Demo: Neural Networks and VAEs

Demo: Neural Networks and VAEs#

In this notebook, we will explore automatic differentiation, neural networks, and amortized variational inference. PyTorch makes it easy to construct such networks and train them with backpropagation. We’ll give you a few examples to help get you started.

import matplotlib.pyplot as plt
import seaborn as sns
import torch
import torch.nn as nn
import torch.nn.functional as F

from torch.distributions import Normal
from torch.distributions.kl import kl_divergence
from torch.utils.data import DataLoader

torch.manual_seed(305)
sns.set_context("notebook")

Part 1: Regression with Deep Neural Networks#

We’ll start off with a simple regressoin problem: train a neural network to approximate the function \(f(x) = \sin(x)\). We’ll give the network lots of noisy observations \((x_n, y_n)\) where \(y_n \sim \mathcal{N}(f(x_n), \sigma^2)\). We’ll use a simple feedforward network and train it with SGD.

Simulate data#

# Construct the dataset
torch.manual_seed(0)
N = 10000
sigma = 0.1
xs = torch.randn(N)
ys = torch.sin(xs) + sigma * torch.randn(N)

x_grid = torch.linspace(-3, 3, 50)
plt.plot(xs, ys, 'k.', alpha=0.1)
plt.plot(x_grid, torch.sin(x_grid), lw=3)

Construct a feedforward neural network#

This code implements a simple feedforward neural network class that inherits from nn.Module. Modules implement a forward function that maps inputs to outputs. The class variables (self.fc1 and self.fc2 are Modules themselves, each with their own parameters.
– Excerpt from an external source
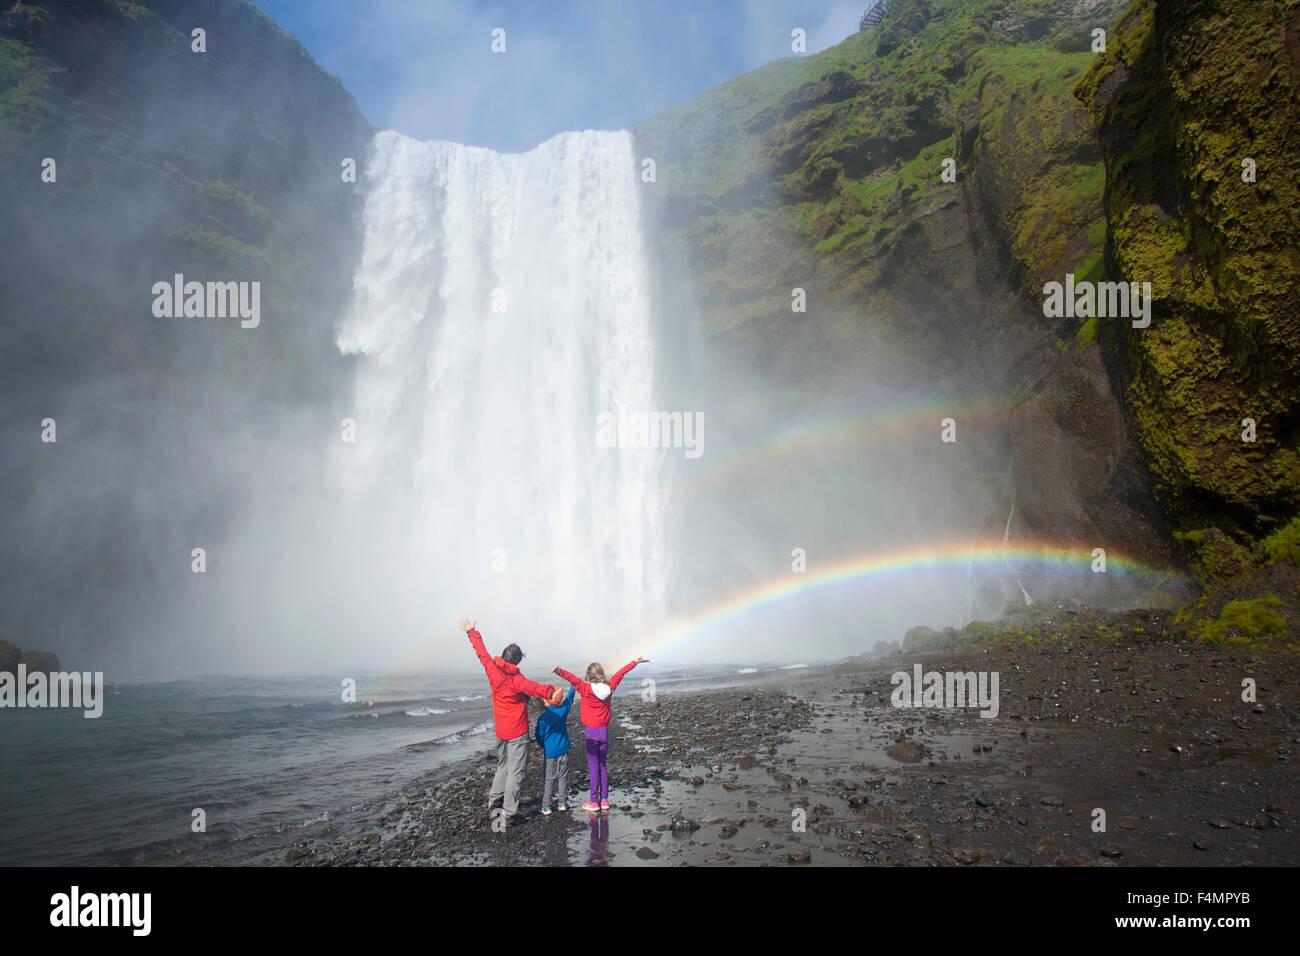 Family in the rainbow beneath 60m-high Skogafoss waterfall, Skogar, Sudhurland, Iceland. - Stock Image

When it comes to training the network, we can use the parameters() function to get the list of trainable parameters - this function introspects on each of the class variables and extracts the parameters associated with each layer.

Note: for simple networks like this one, PyTorch offers a nn.Sequential object that saves you a few lines of code. Here we’ve built the module from scratch to show the more general approach. We’ll extend this module in Part 2.

class SimpleNet(nn.Module):
    """A simple feedforward neural network
    """

    def __init__(self, layer_size=20):
        super().__init__()
        
        # Construct linear "fully connected" (fc) layers
        self.fc1 = nn.Linear(in_features=1, out_features=layer_size)
        self.fc2 = nn.Linear(in_features=layer_size, out_features=1)

    def forward(self, x):
        """ Implements the forward pass of the network.

        Args:
            x: torch.tensor of shape (N,)
        Returns:
            z: torch.tensor of shape (N,) containing the logits
        """
        # Note we have to unsqueeze the inputs to make them explicitly 1D
        h1 = F.relu(self.fc1(x.unsqueeze(1)))
        # Note we have to squeeze the outputs to make them explicitly 0D
        preds = self.fc2(h1).squeeze(1)
        return preds

# Construct an instance of the model. It will be given with random weights 
# per PyTorch's default initialization strategy.
model = SimpleNet()

Plot the predictions of the randomly initialized model#

plt.plot(x_grid, torch.sin(x_grid), lw=3, label="true f(x)")
plt.plot(x_grid, model.forward(x_grid).detach(), label="model $\hat{f}(x)$") 
plt.xlabel("x")
plt.ylabel("y")
plt.legend()

Optimize the model parameters to maximize the likelihood#

The log likelihood in this model is,

\[\begin{split} \begin{align} \log p(\mathbf{y} \mid \mathbf{x}, \theta, \sigma^2) &= \sum_{n=1}^N \log \mathcal{N}(y_n \mid f(x_n; \theta), \sigma^2) \\ &= -\frac{1}{2\sigma^2} \sum_{n=1}^N \| y_n - f(x_n; \theta) \|_2^2 + c \end{align} \end{split}\]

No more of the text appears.